Manuel sighed. "There's no changing his mind. Your probation has been canceled."
I stared at him until the office room blurred. "But—"
"You can appeal if you want," he said, softer now. "But the owner saw it and decided."
I left the office staring at the folder on his desk like it might explain itself.
Outside the bathroom stall a moment later, I put the pieces together. I remembered the day Li Yu asked to use my laptop because hers had "crashed." I remembered how she'd chatted me up in the hallway, smiling. I remembered she left my desk and had that little, too-casual smile.
I stared at Keily Said's workspace like a crime scene. Then I found the traces: a temporary file, a timestamp. My heart burned.
"Why?" I shouted down the row of desks.
Keily looked up, startled. "Kaitlyn, what's wrong?"
"Why did you swap my board? Why did you put yours in?" I felt myself on the edge of roaring—of breaking something. The office went quiet like someone had pressed a pause button.
Keily's face went through a practiced sequence: surprise, then a flutter of hurt, a well-timed pout. "I would never—"
"You would never what? Sabotage someone to get ahead?" I spat. "We were friends."
She looked at me like the words were heavy and foreign. "Kaitlyn, you're mistaken."
A dozen heads turned. Glasses clicked, phones lifted. I packed a small U-disk with everything I thought I needed: the original PSD, the work logs, the copied timestamps. I left the building and sealed that job behind me like an old wound.
At the tea shop that afternoon, I sat with Aliana on our usual table by the window. She squeezed my hand.
"Keily? She did this to you?" Aliana asked, eyes sharp. "She was always… slippery."
"She was also very good at smiling at the same time," I said.
"I have a friend," Aliana said with conspiratorial brightness. "He runs another magazine. We could ask—"
"You want me to go? Sell out? Beg?" I asked.
"No," she said. "Just come talk to him. It won't hurt."
So I talked to him—Elton Wheeler—who ran a small but serious magazine across town. He wasn't the blustering sort. He sat back and listened.
"Kaitlyn, your page here shows your fingerprint," Elton said after he scanned my work. "Anyone who knows design knows this is you."
"Then why did Manuel let the owner decide like that?"
"Offices are politics," Elton said. "What I can promise is this: if you want to start over, if you want a fresh slate, come and show me what you can do. Interns grow. Editors grow. People change."
I started the next week at Elton Wheeler's place as an assistant editor. On my first day, the receptionist—Dorothy Golubev—smiled like a harbor. I signed paperwork, met the team, and waited for my place to sink in.
"You look familiar," a voice said by the elevator.
I looked up to see a tall, quiet man with a winter coat and an expression like a closed book. He had a name I would learn to love: Donovan Perkins.
"Do you work here?" I asked, because it felt oddly like my whole life had tilted and opened a door.
He smiled, small like sunlight. "I do," he said. "I'm in the building next door. Donovan."
I laughed because the world seemed to like coincidence today. "I'm Kaitlyn. Kaitlyn Hayashi."
He nodded. "I know of you now."
We did not talk about the dream. We talked about coffee and traffic. We talked about nothing and, in the way strangers who used to be children together sometimes do, the conversation felt like the bedrock of something old.

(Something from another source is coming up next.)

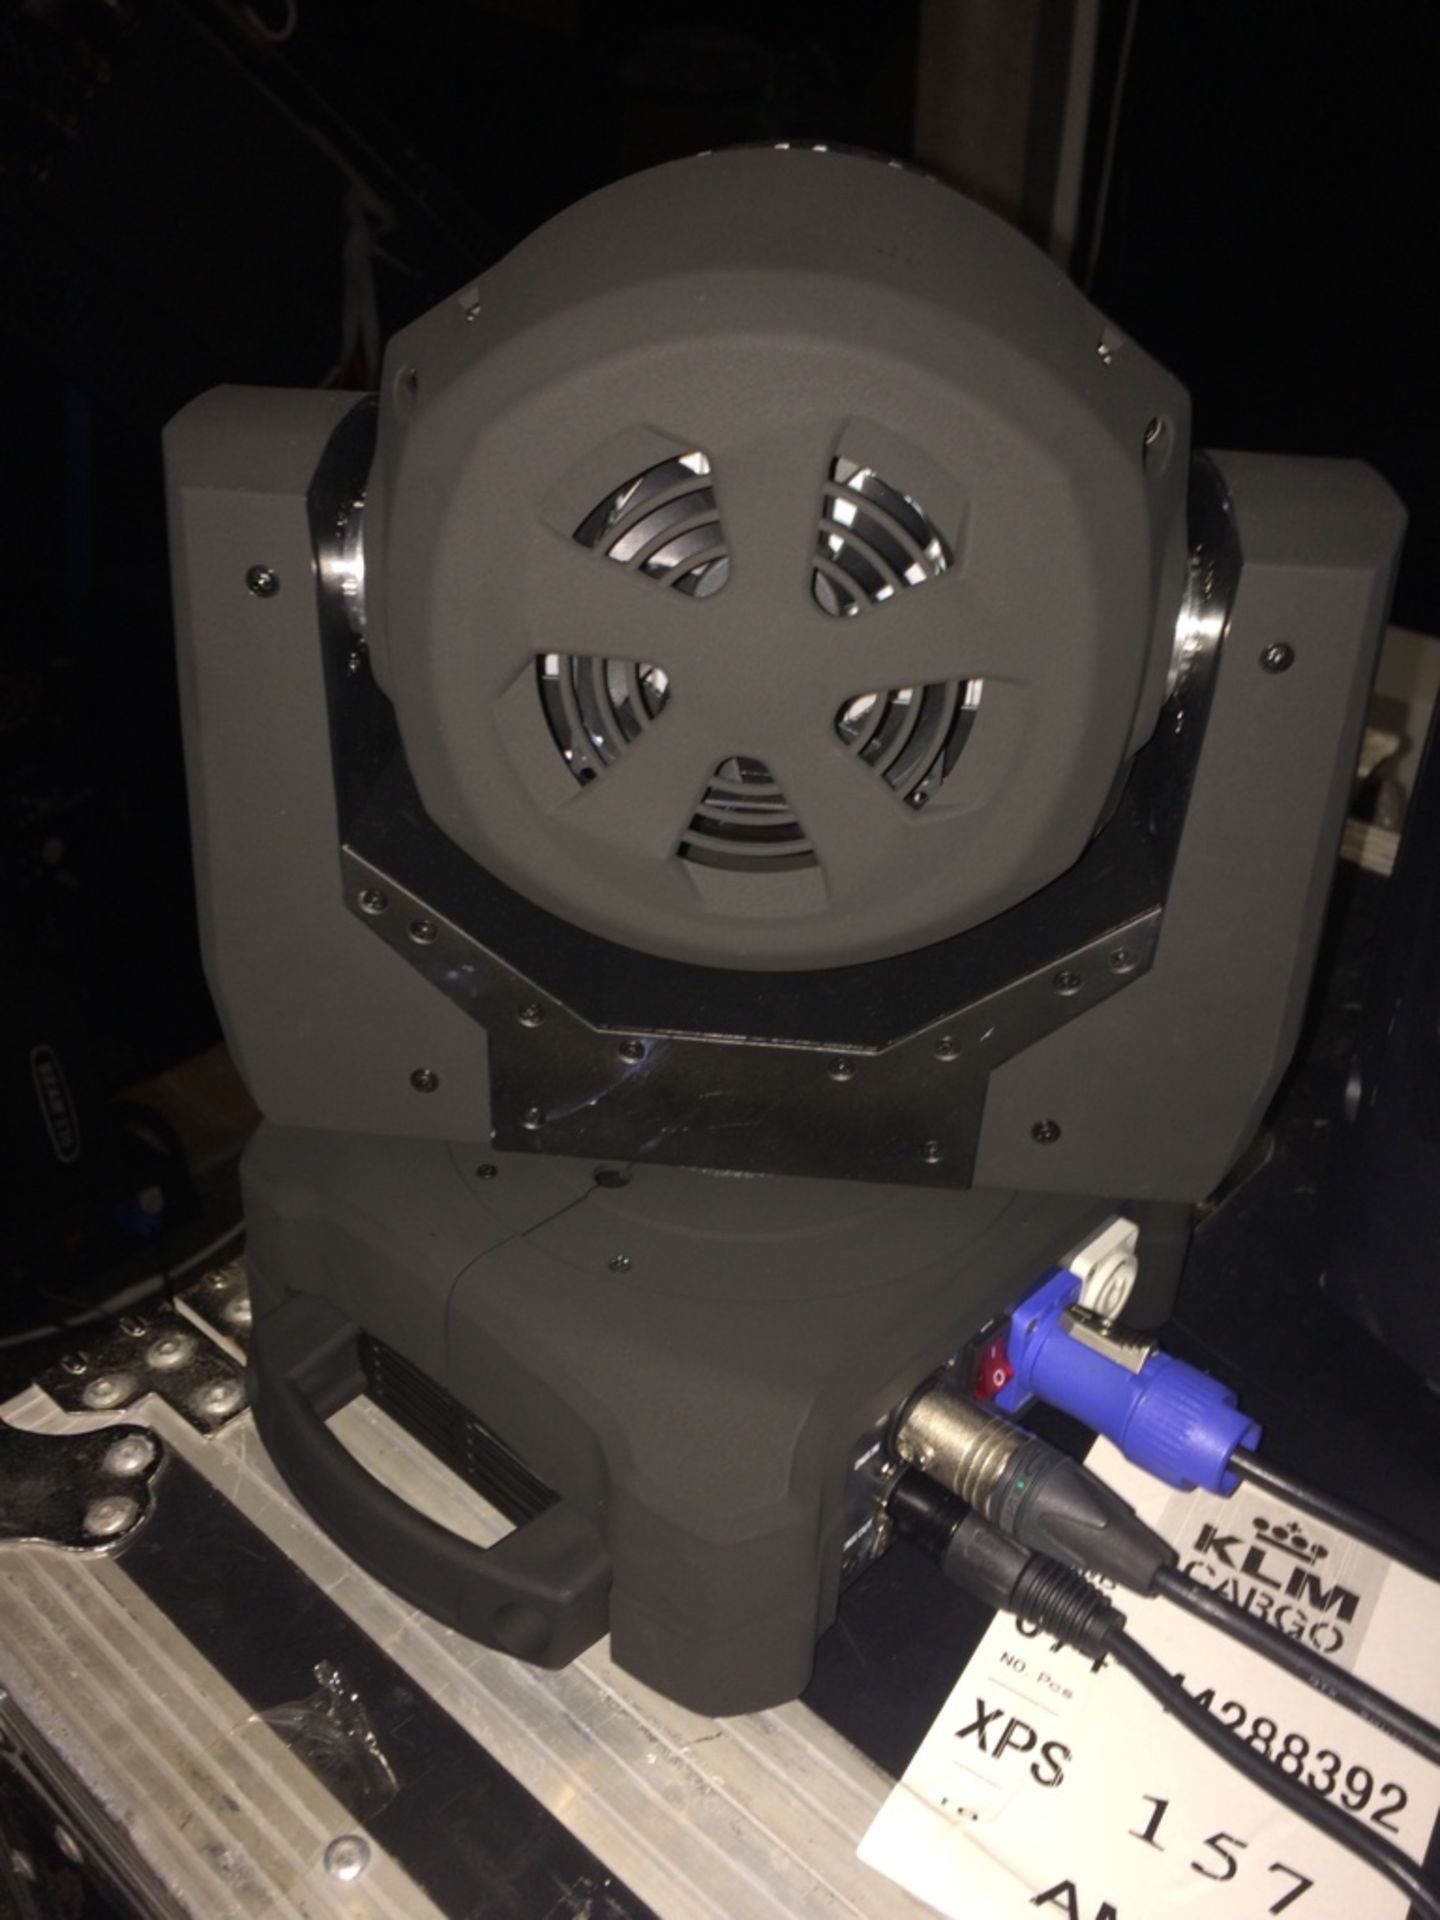 Led Moving Head Light - New Only Taken Out Of Box To Test - Image 4 of 4

It turned out Donovan and I were neighbors in a way that made my chest hurt: he lived across from me, three doors down. The realization came with a push of joy so big my hands trembled.
"You live there?" I asked, pointing at his building across the small courtyard.
"Yes," he said, leaning on the doorway. "Good neighbors make better coffee runs."
I did not expect him to be the kind of man who turned the world quieter, but there he was—quiet, attentive, and catching the way my fingers brushed a spilled crumb. He was not the mysterious, twinkling star of my dream. He was someone close enough to be dangerous.
We walked to work together occasionally. We had lunch across the street; he added two dishes to my order as if he knew what I liked better than I did. I forgot to be wary.
"You eat too little," he said one morning, nudging a spoon toward my plate.
"I have to control my weight," I said, embarrassed.
"You can be a bit more generous with yourself," he said.
When he asked if I had ever been called 'annoying' in a soft voice that made things in me warm, I answered the way a person answers a memory.
"Once," I said.
He reached across the table and smoothed the edge of my napkin with a thumb. "You are not annoying," he said. "Not to me."
The first days at Elton's office were a fresh kind of busy. I met a team who made ideas like soup—all shared and warm. Boyd Lin was Donovan's assistant—loud and loyal—and he dragged blankets and pop-up tents like they were treasure.
We planned a day to go out of the city. Donovan said he wanted to show us a winding river that smelled like grass. We packed supplies and we joked. I told Aliana I would bring a small extra purse with extra sneakers and not to worry.
The morning of the picnic was hot. We loaded the car and Donovan drove with a gentle focus that made me safe. In the supermarket, I suddenly felt a spike of pain in my stomach that made me double over.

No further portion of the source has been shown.